Страница: 30/34
Although a federal and decentralised central bank is not a novelty, the Eurosystem is a special case. It is the central bank of an economy that has a much deeper national segmentation than any other currency area. Its components have for many generations (and until few weeks ago) performed the full range of central banking functions under their own responsibility and in a national context. They have been accountable to, and sometimes dependent on, national institutions. Public opinion has perceived, and still perceives, them as national entities. The notion of the public interest they were referring to was the notion of a national interest. Significant differences existed, and partly remain, in their tasks, organisations, statutes and cultures.
In this situation, making the Eurosystem a central bank requires drawing the appropriate distinction between being national in the organisational sense and being euro area-wide in the definition of the public interest pursued. This is a difficult distinction to draw in conceptual terms, not only in practical terms or from the point of view of personal attitudes.
In the preparatory discussions and negotiations that led to the Maastricht Treaty, central banks took the view that monetary functions are indivisible and that, contrary to the fiscal field, subsidiarity cannot apply to the monetary field. Their traditional and strongly held position has been that the public interest assigned to central bank is a whole which cannot easily be decomposed. Indeed, while there is a fairly well developed theory of fiscal federalism, there is no equivalent for the monetary field.
As I said, I do think that the functions of a central bank constitute a whole that cannot be split. This does not exclude that the Eurosystem should avoid seeking more uniformity than necessary and that some diversity is a positive factor and has always been valued as an aspect of the richness of Europe. Perhaps even a limited degree of internal competition may be used as an incentive to good performance. But can the Eurosystem depart from the two historical models of the Federal Reserve System and the Bundesbank? What are, in conceptual terms, the criteria of what I just called the "appropriate distinction"? What should be the touchstone?
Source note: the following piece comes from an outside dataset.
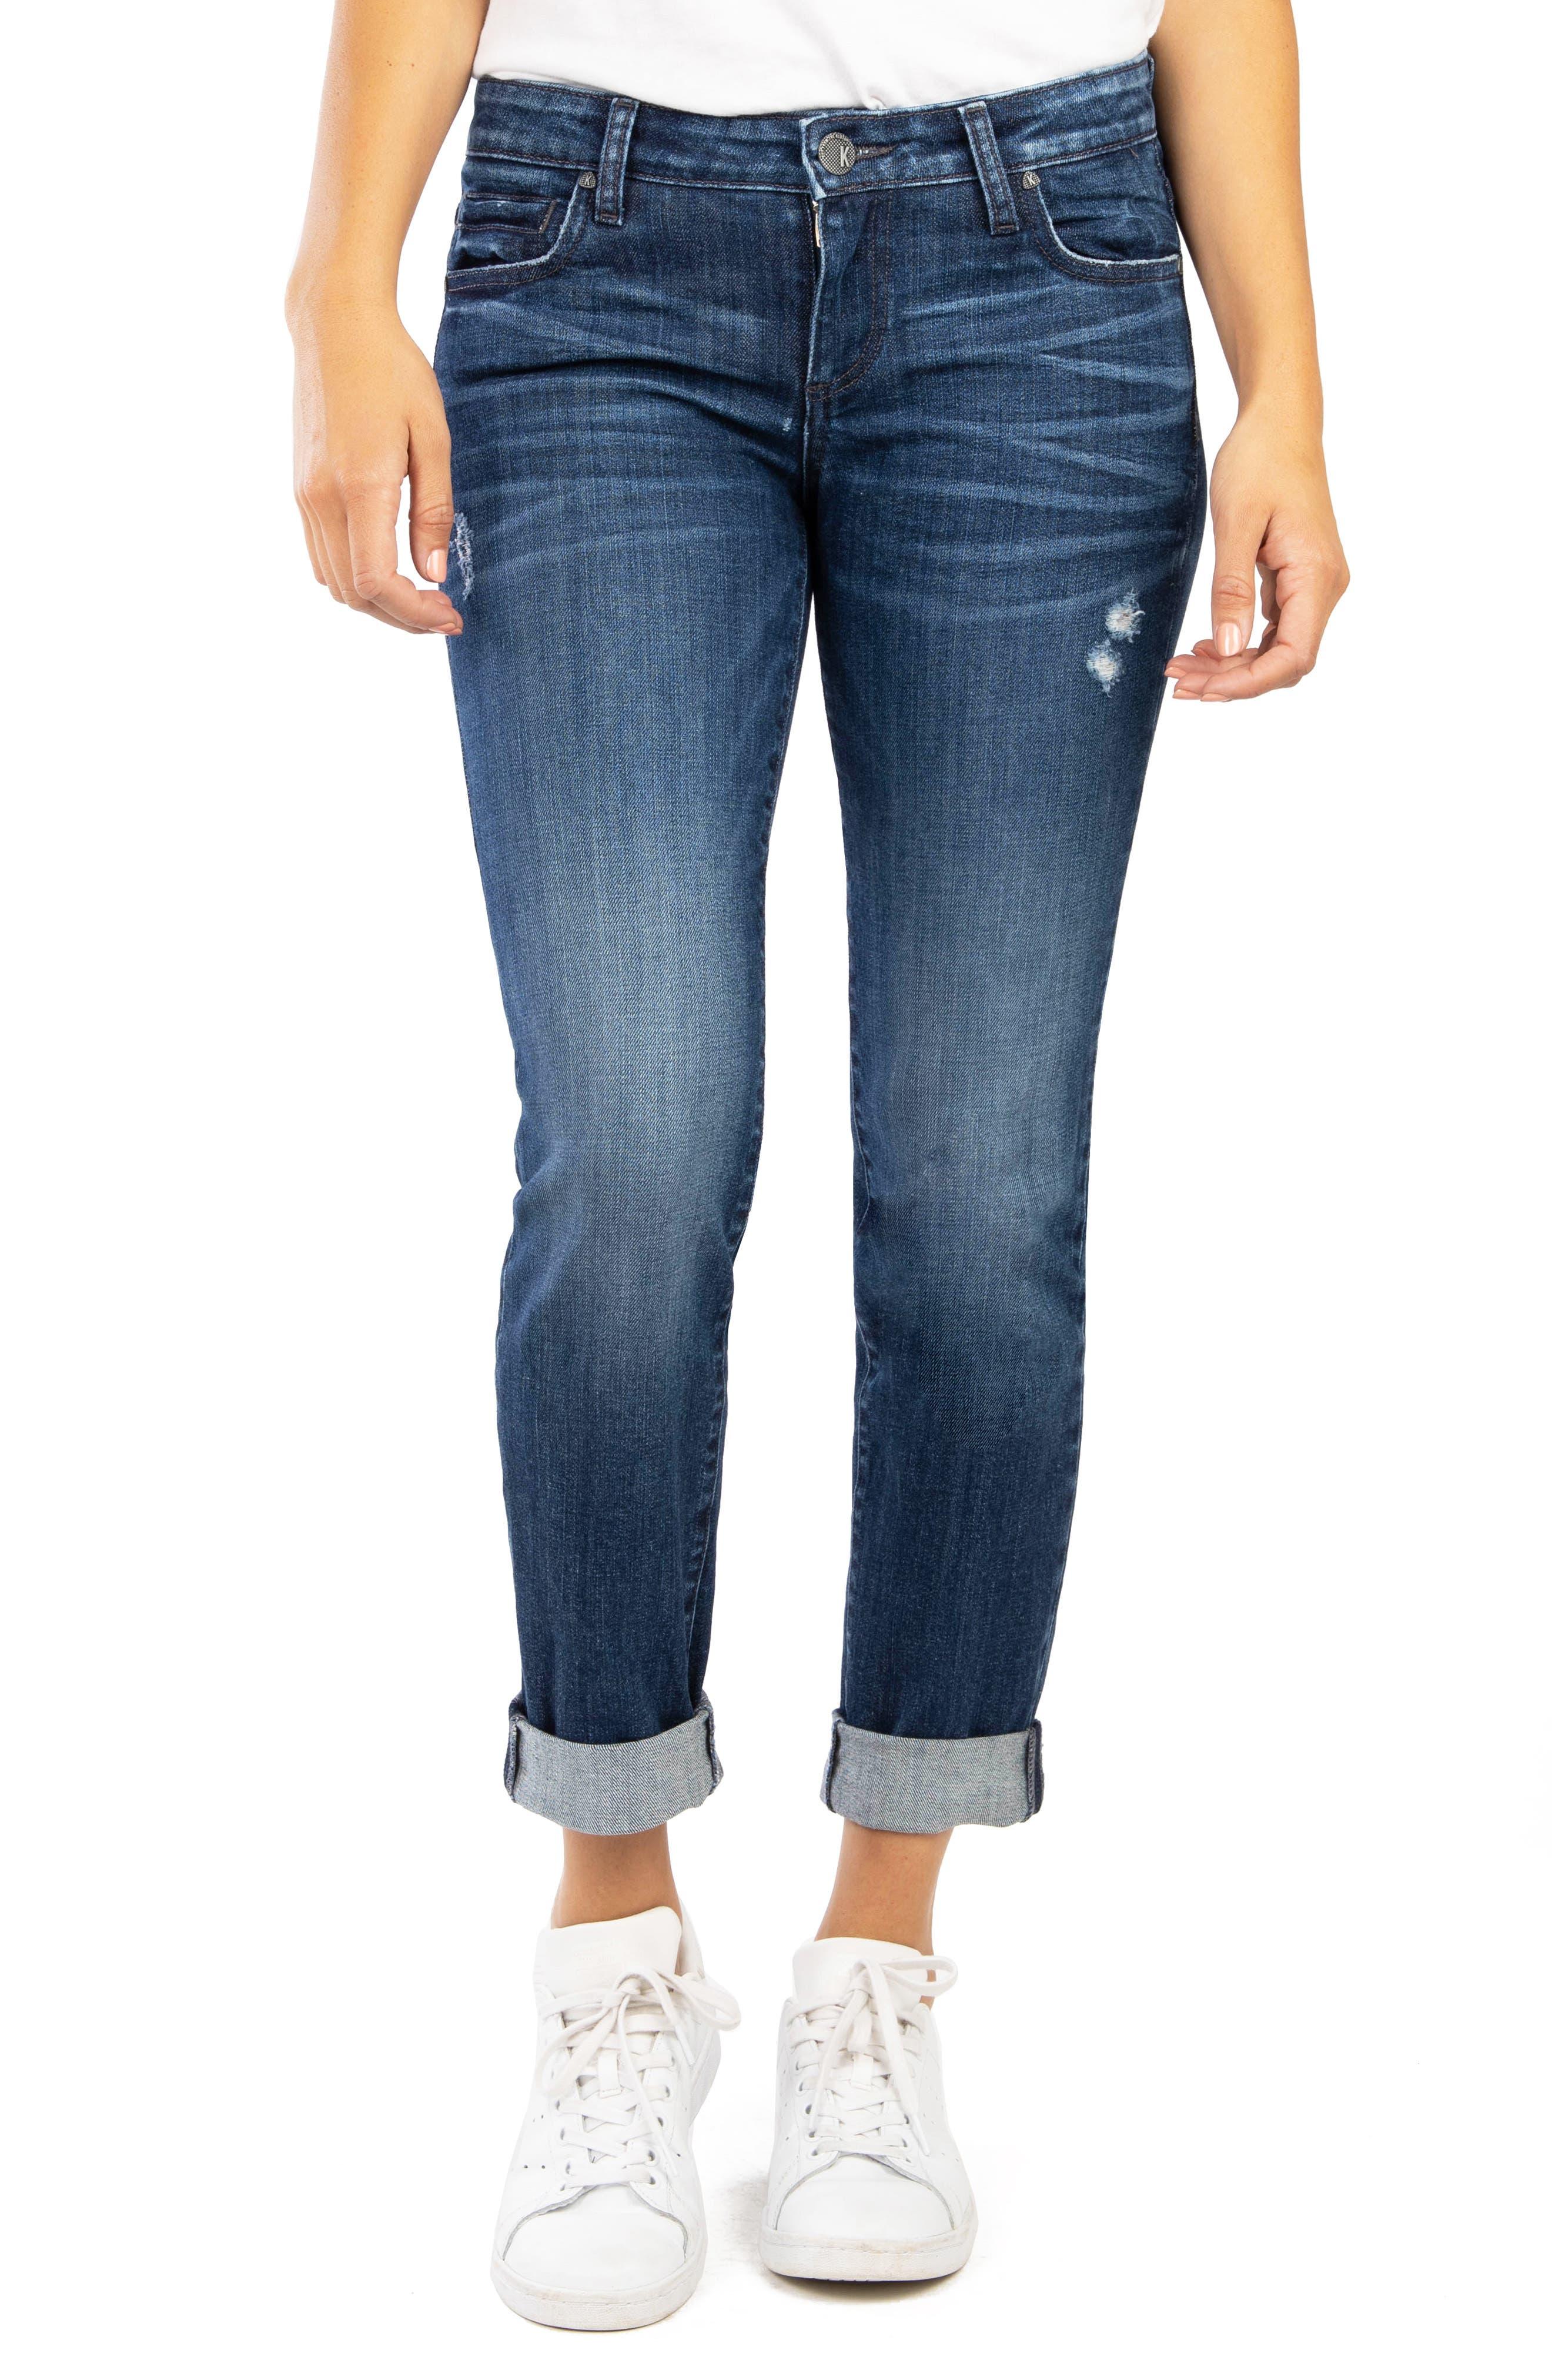 Catherine Distressed Boyfriend Jeans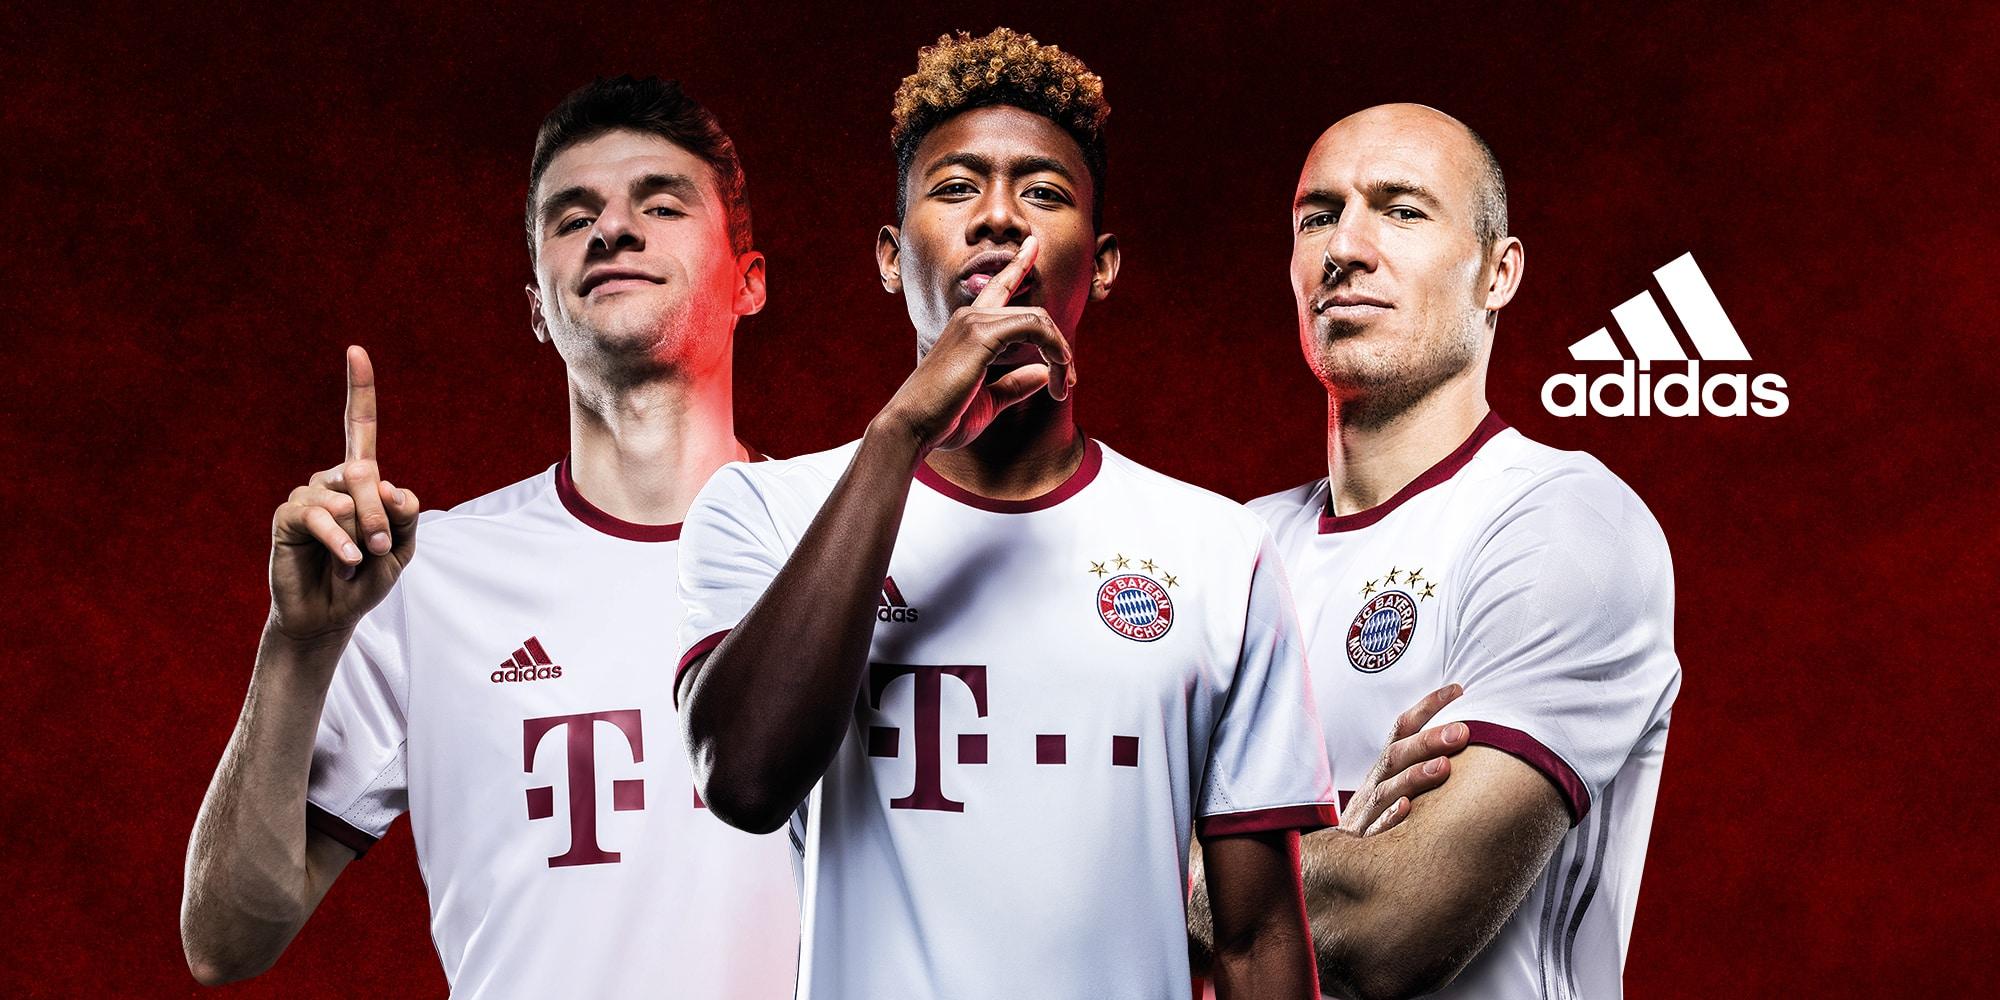 Maillot THIRD FC Bayern München Paul Will

It would be an illusion, I think, to expect or pretend to have a full and satisfactory answer solely from legal interpretation. And it would be unfortunate if the Eurosystem were to fall into the trap of the narrowly legalistic approach that paralyses international organisations. The Eurosystem is not an international organisation, its model is not the Articles of Agreement of the IMF. Of course, the answer will have to comply with the Treaty, which provides useful guidance. However, the system is entrusted to decision-making bodies that are composed not of lawyers, but of central bankers. They carry the primary responsibility to manage the euro and are accountable for that responsibility. They have known for years what a central bank is and how vague the wordings of central bank statutes have historically been. Their touchstone can only be, in the end, the effectiveness in the accomplishment of the basic mission embodied in the triadic paradigm of central banking functions.
5. DEALING WITH EUROPEAN UNEMPLOYMENT
The second challenge comes from the high level of unemployment in Europe.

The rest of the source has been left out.